How do I know what to substitute(u-substitution)

[MMM]

Homework Statement

Hello, I'm having trouble determining what I make u equal with most integrals that revolve around the inverse trig functions.

I knew what to let u equal in this problem $x/\sqrt{1-x^4}$ I let it equal $x^2$ and correctly solved the problem.

The problems I'm having trouble with, are problems like $1/(a^2 + x^2)$ the book said to substitute u = x/a and when I did that I found the correct answer. Sadly I had no idea that is what I was supposed to substitute.

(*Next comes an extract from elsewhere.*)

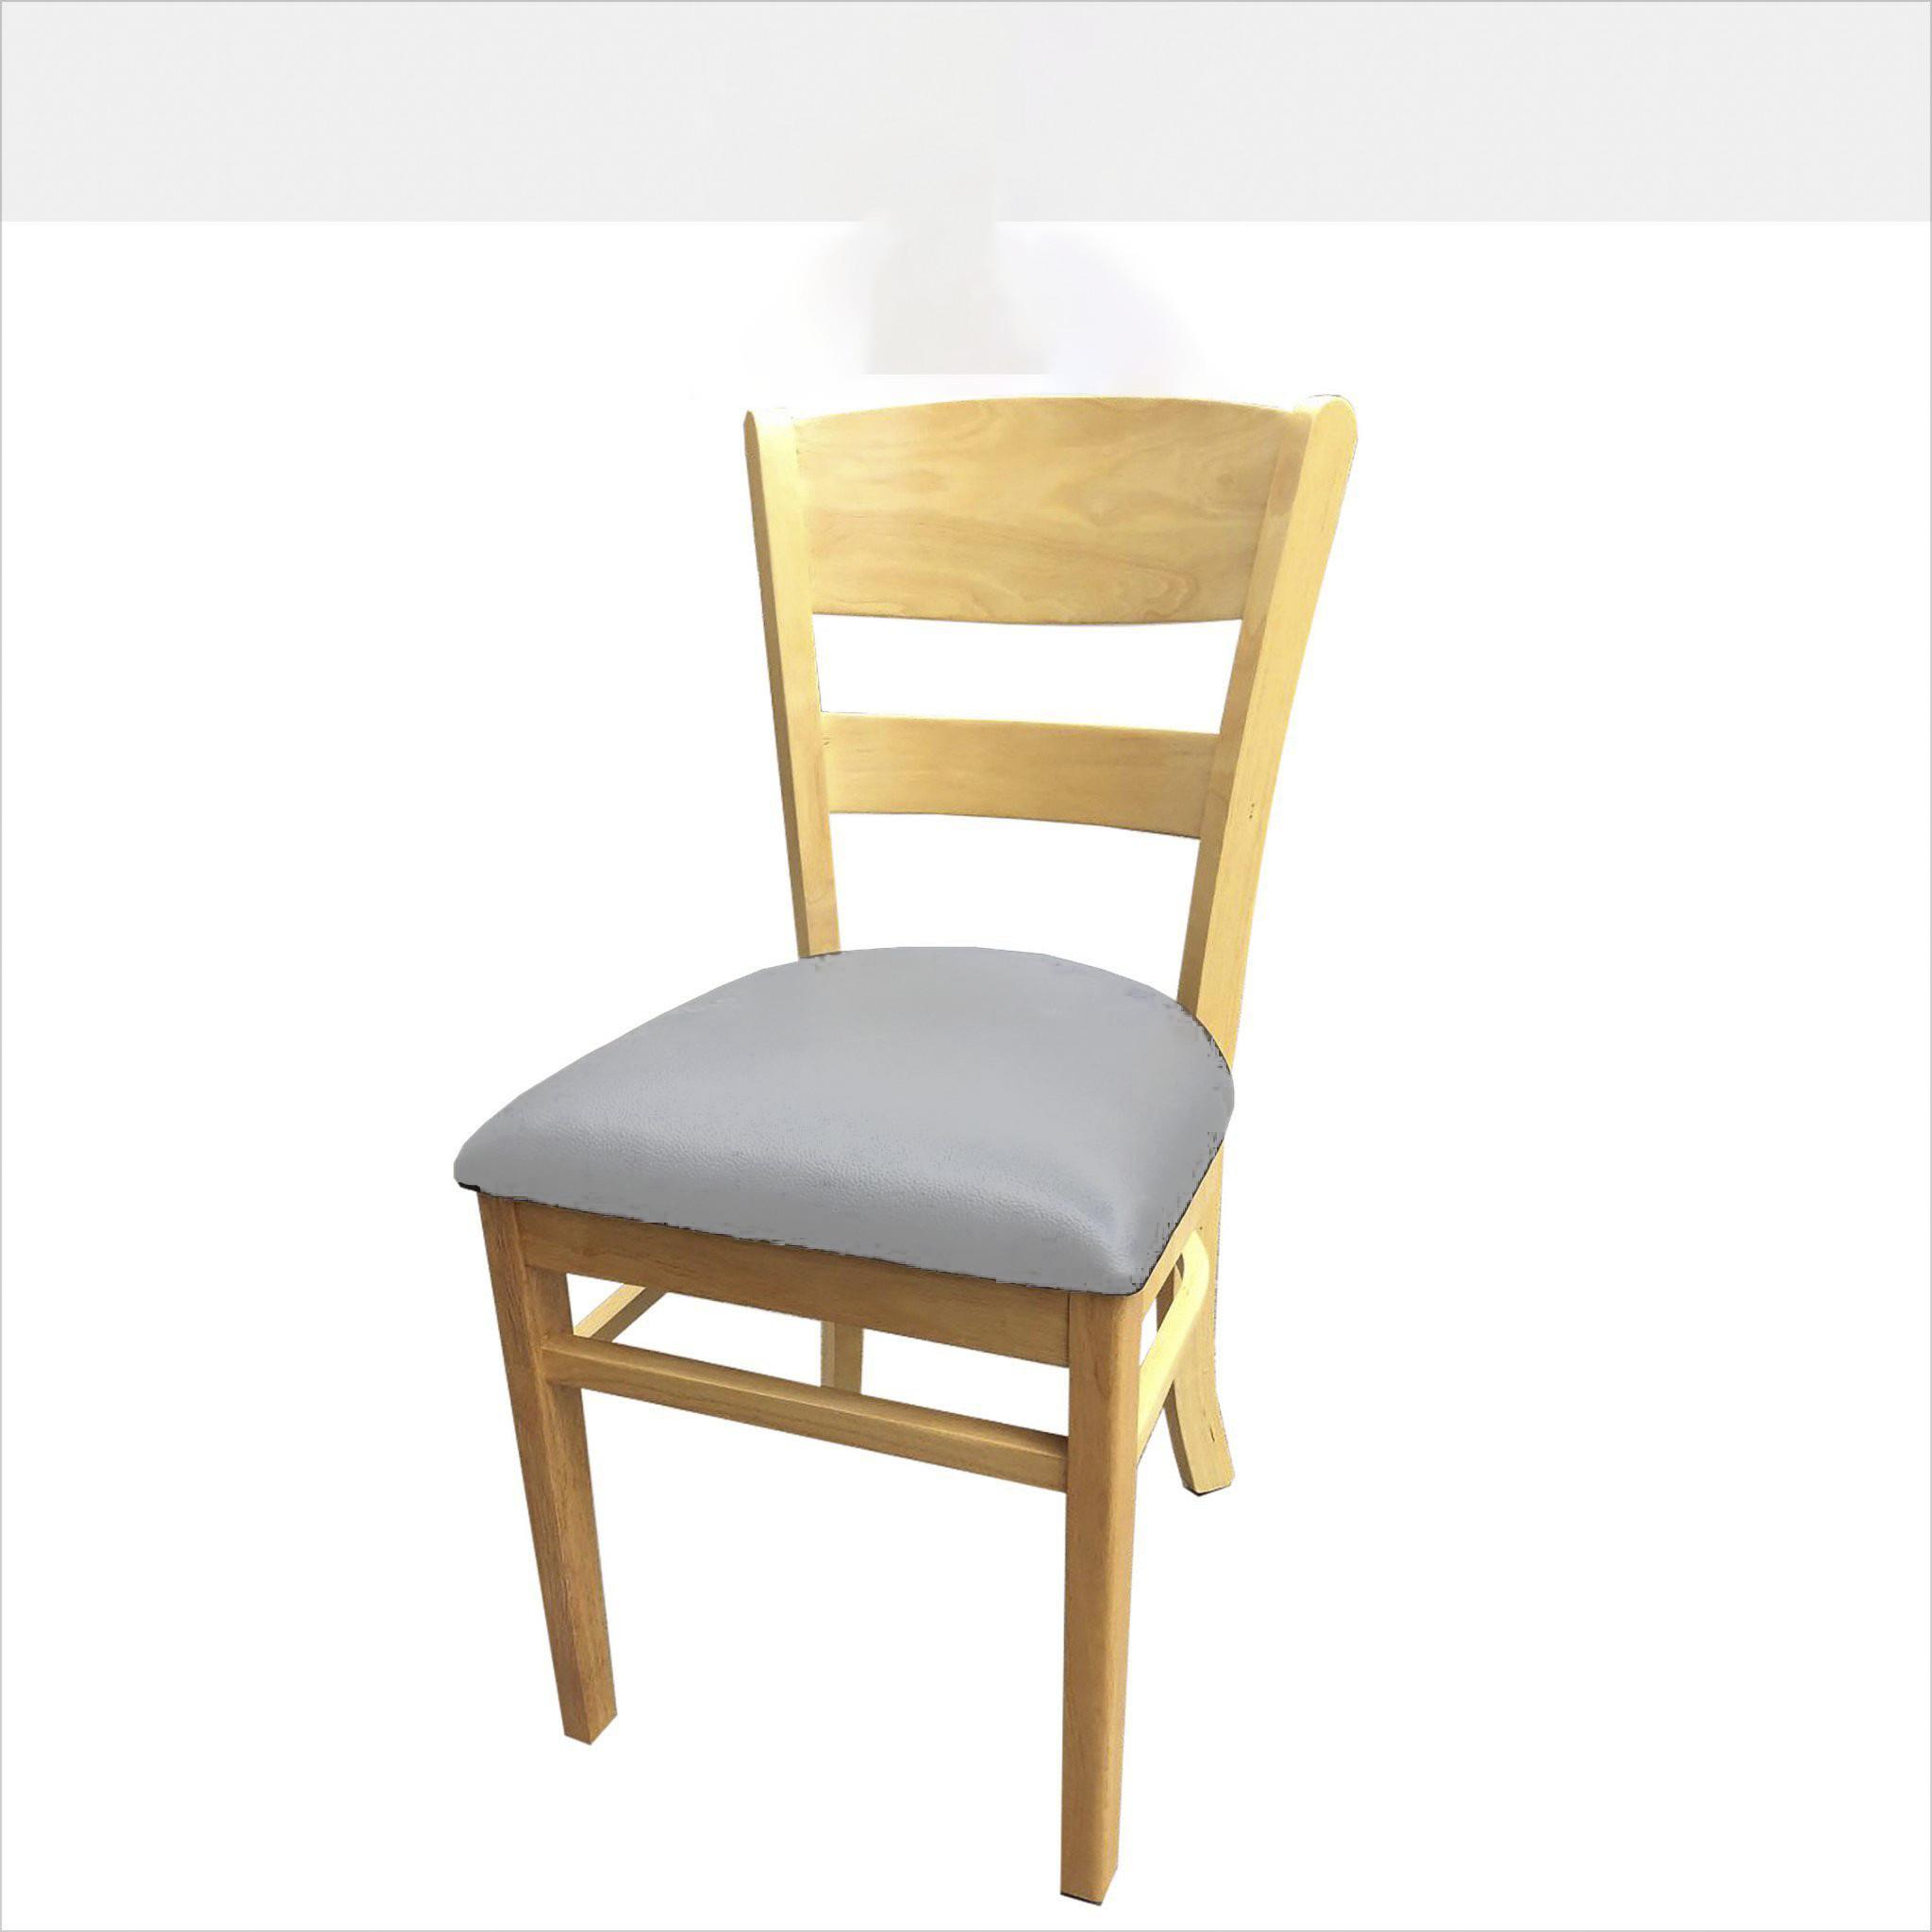 Ghế gỗ có đệm Eames V1

Here is another problem I had no idea what to substitute $1/(a^2 + (b^2)(x^2))$ the book said to substitute u = bx/a and when I did that I got the correct answer. I just need some guidance to understand the kinda substitutions I need to make regarding integration involving inverse trig functions. Any help is greatly needed and highly appreciated, thanks.

Homework Equations

The Attempt at a Solution

I solved the stated problems with the book's help on what to substitute. I just had no idea on to what to substitute.

 

[Quesadilla]

You are looking for something you know how to integrate. In this case when you see something like $1/(a^2 + b^2x^2)$, your first instinct should be that it looks kind of like $1/(1 + x^2)$ and so we want to substitute to put it on that form.

Here we note that
\begin{equation*}
\frac{1}{a^2 + b^2 x^2} = \frac{1}{a^2(1 + \frac{b^2}{a^2}x^2)}= \frac{1}{a^2} \frac{1}{1 + (\frac{b}{a}x)^2}
\end{equation*}
and the substitution suggests itself.

You see these things easier and faster as you get more and more experience.

 

[MMM]

Thanks for the help. I understand it now!

 

[Quesadilla]

To practice and since you knew how to integrate $x/\sqrt{1 - x^4}$, how would you tackle
\begin{equation*}
\frac{ax}{\sqrt{b - cx^4}}?
\end{equation*}